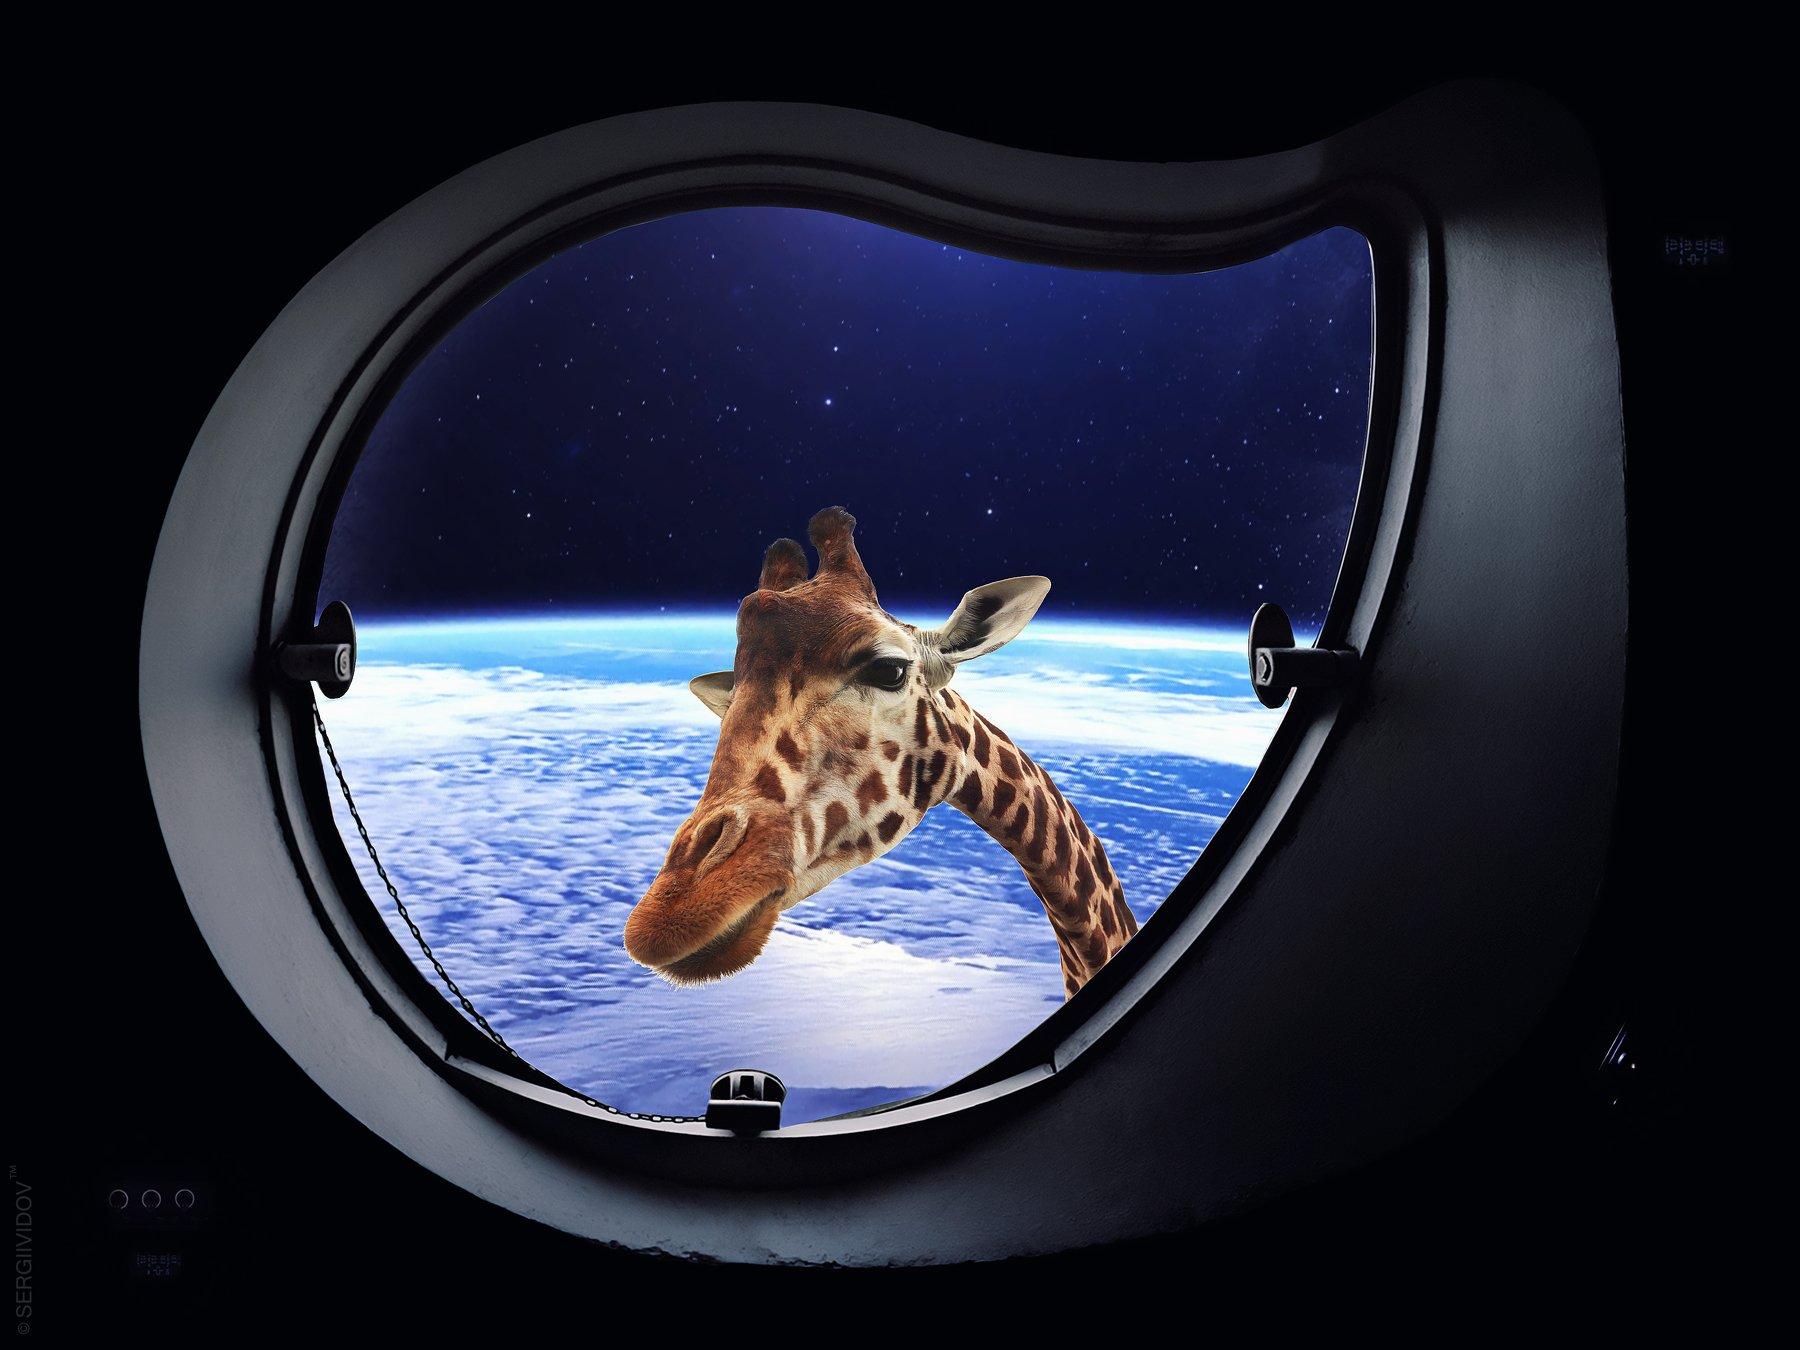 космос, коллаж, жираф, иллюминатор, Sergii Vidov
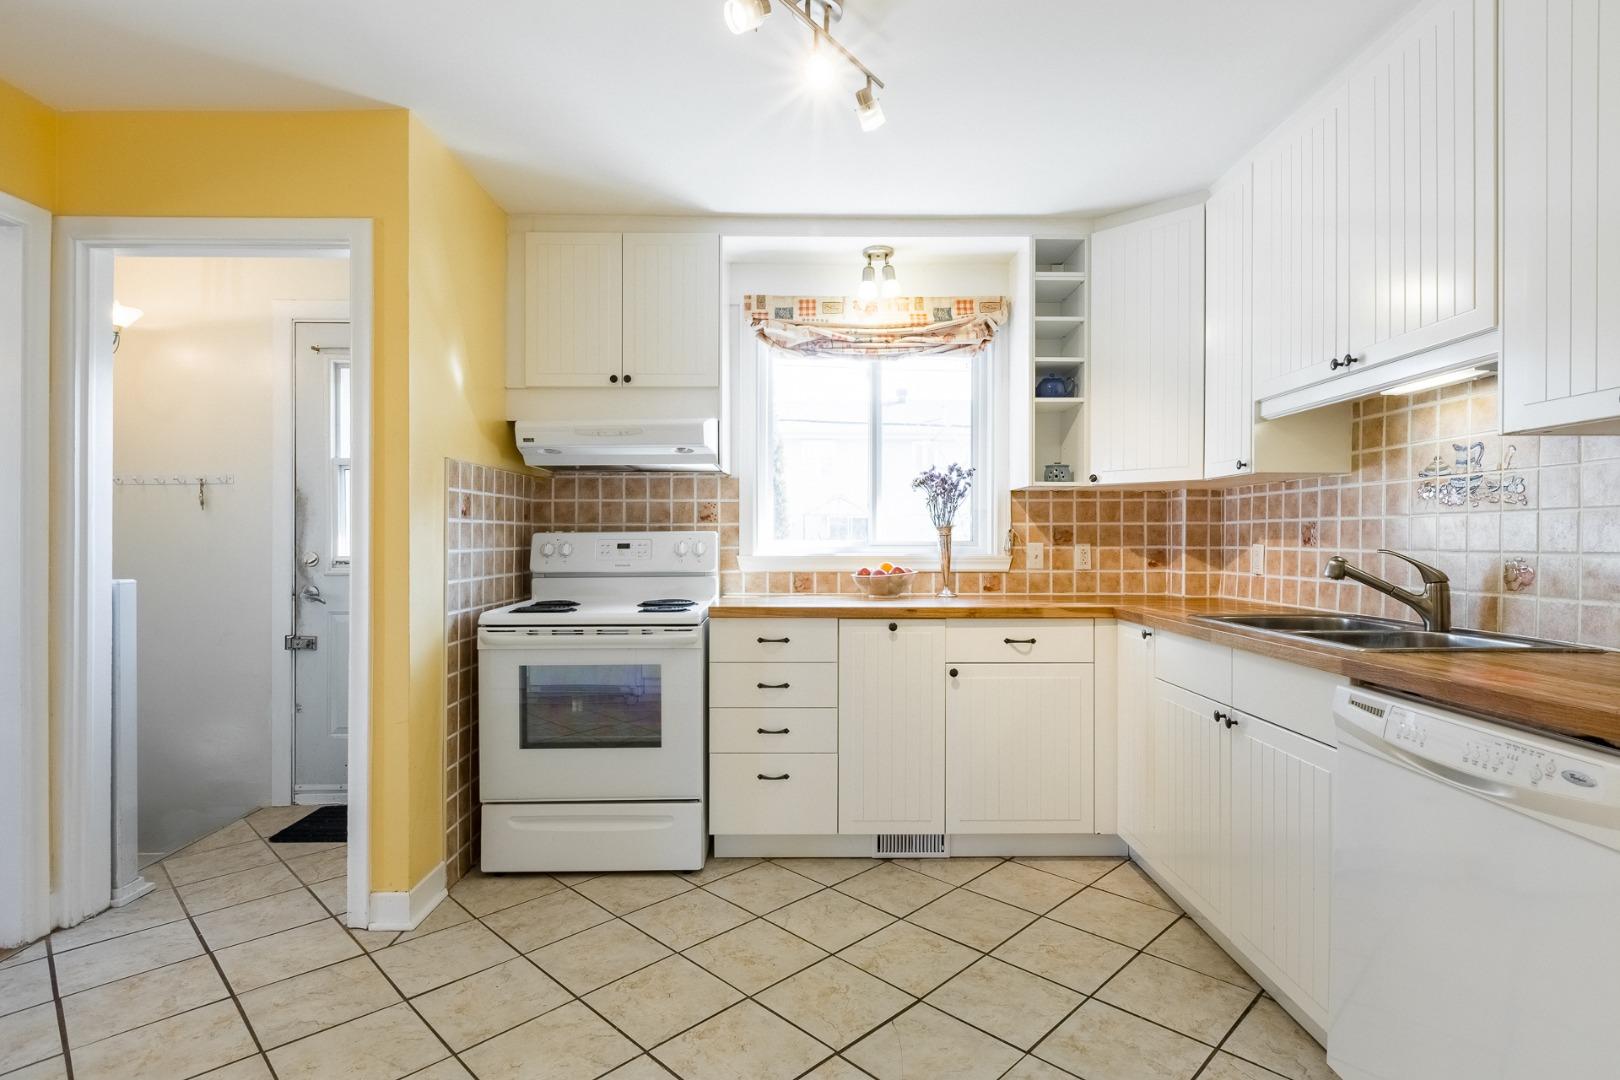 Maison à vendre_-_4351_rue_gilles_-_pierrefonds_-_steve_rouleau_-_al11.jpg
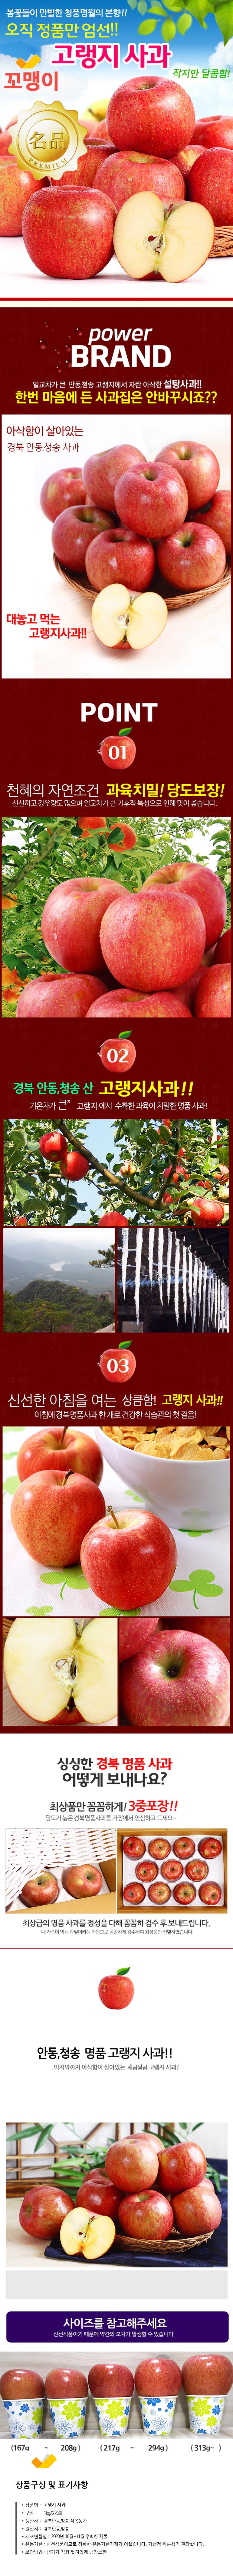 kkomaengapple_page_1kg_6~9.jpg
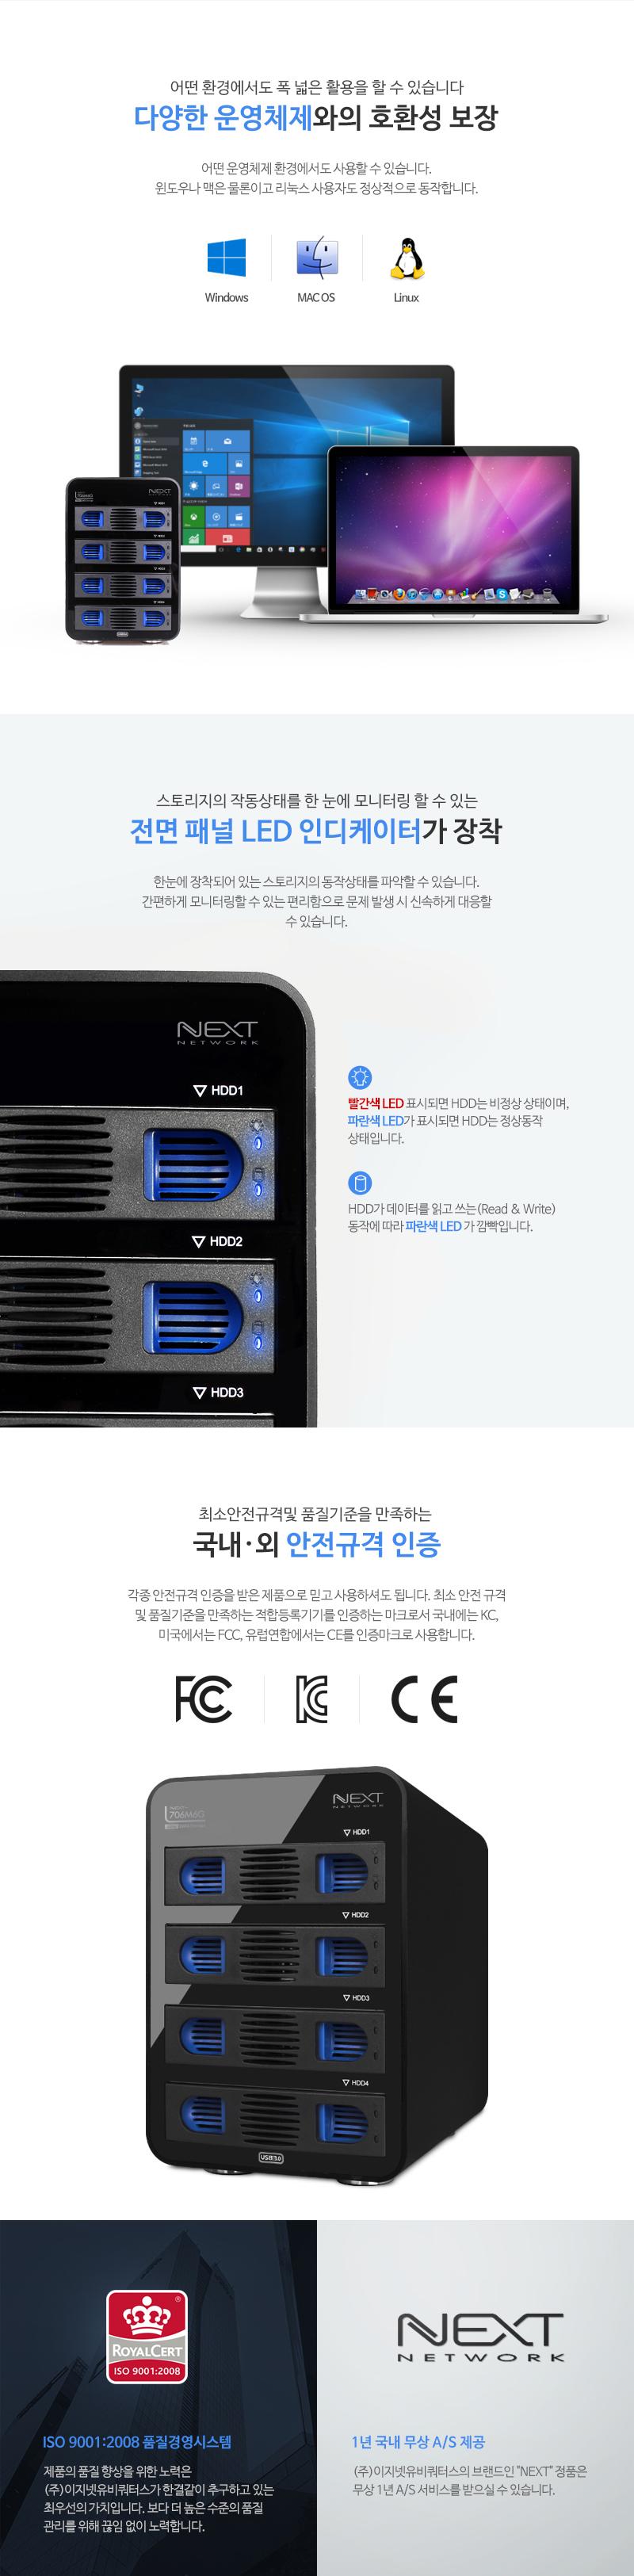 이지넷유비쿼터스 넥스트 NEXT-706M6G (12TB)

▸ ACTION ITEM
Nothing but the lines from the line with "kkomaengapple_page_1kg_6~9.jpg" through the last line of the listing should be copied, exactly and with both ends kept. Leave pictures out.

▸ ANSWER
 kkomaengapple_page_1kg_6~9.jpg
 이지넷유비쿼터스 넥스트 NEXT-706M6G (12TB)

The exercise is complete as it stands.